= Tim Dornan =

British physician, endocrinologist and medical educationalist

Tim Dornan (born 1950) is a British physician, endocrinologist and medical educationalist. He is professor at the School of Medicine, Dentistry and Biomedical Sciences at the Queen's University Belfast. He was formerly Professor of Medical Education at Maastricht University, where he is now Professor Emeritus. He has been a visiting professor at Aarhus University, the University of Dundee and the University of British Columbia. Dornan's work has been cited over 10,000 times, nearly 40,000 times if counting two collective articles. His main research interest is clinical workplace learning and especially the application of social learning theories and qualitative methodologies to medical education.

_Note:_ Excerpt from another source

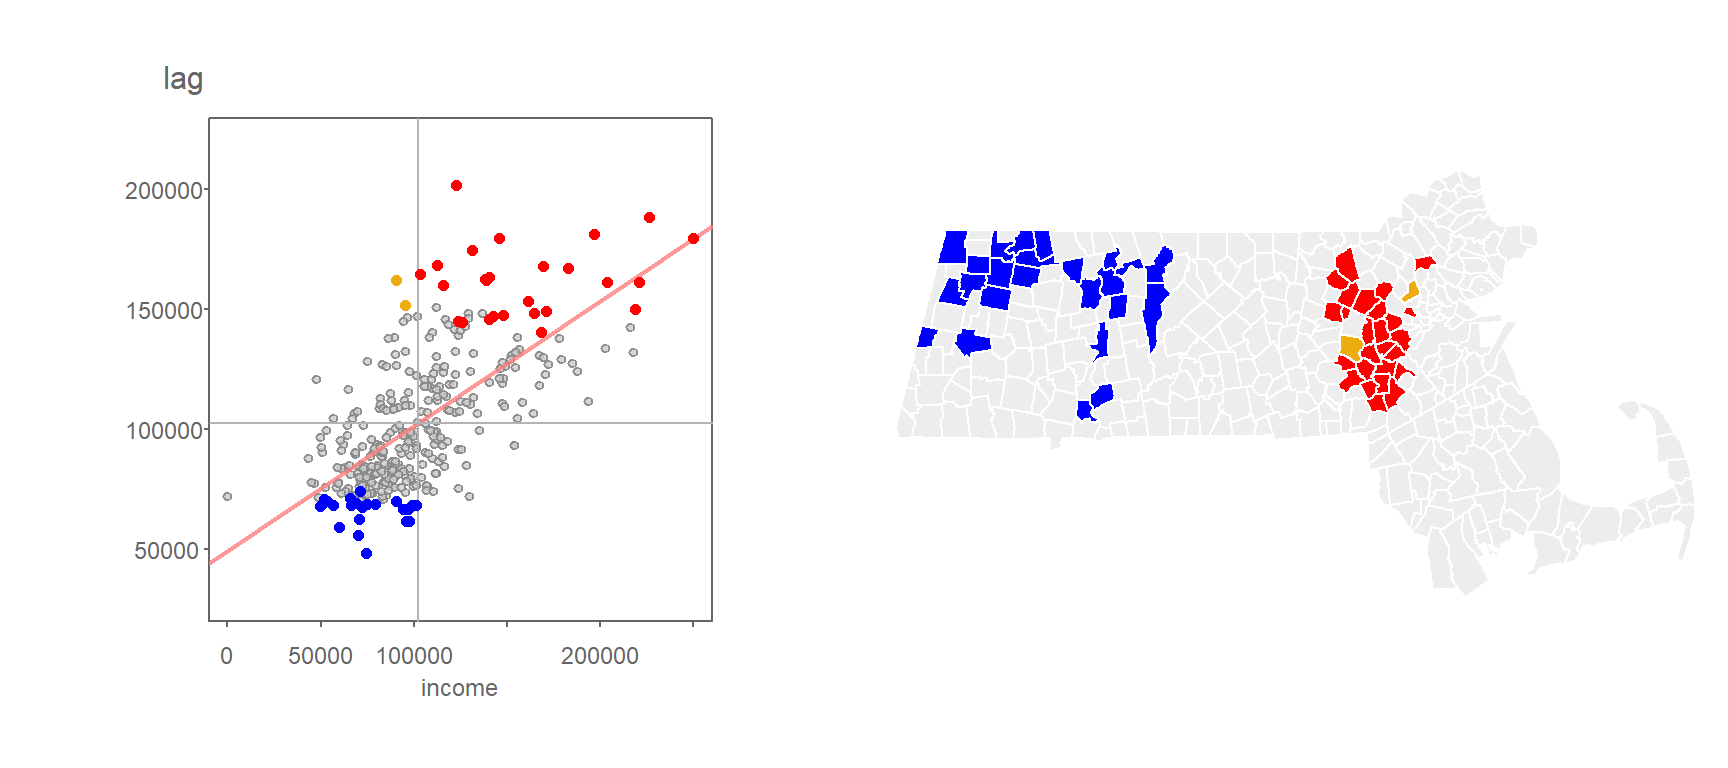 Clusters deemed significant at the p=0.05 level when applying the FDR correction.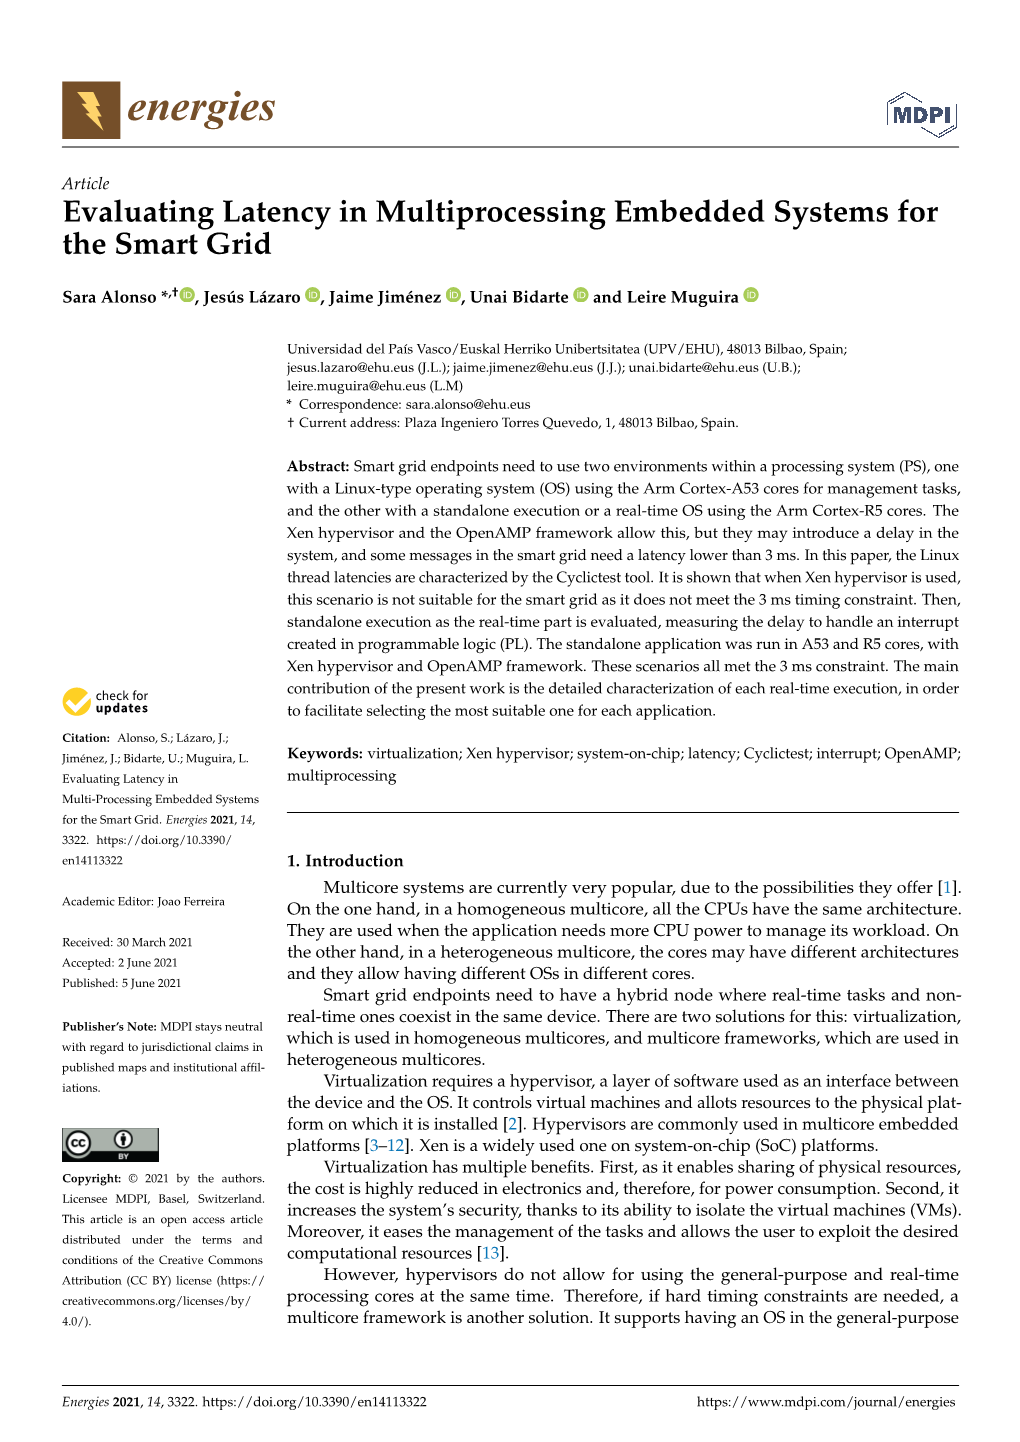 Evaluating Latency in Multiprocessing Embedded Systems for the Smart Grid

Dornan studied medicine as well as history and philosophy of science at the University of Cambridge and the University of Oxford, and qualified as a doctor at Oxford in 1975. He worked in Oxford and Nottingham, obtained a clinical research doctorate at Oxford and was a postdoctoral researcher in Seattle. He since worked as a consultant internist and endocrinologist in Manchester, and became Undergraduate Dean at Hope Hospital. From the 1990s he focused increasingly on education, and in 2010 he became Professor of Medical Education at Maastricht University. He was also an Honorary Professor at the University of Manchester. In 2014 he became Professor of Medical Education at the Queen's University Belfast.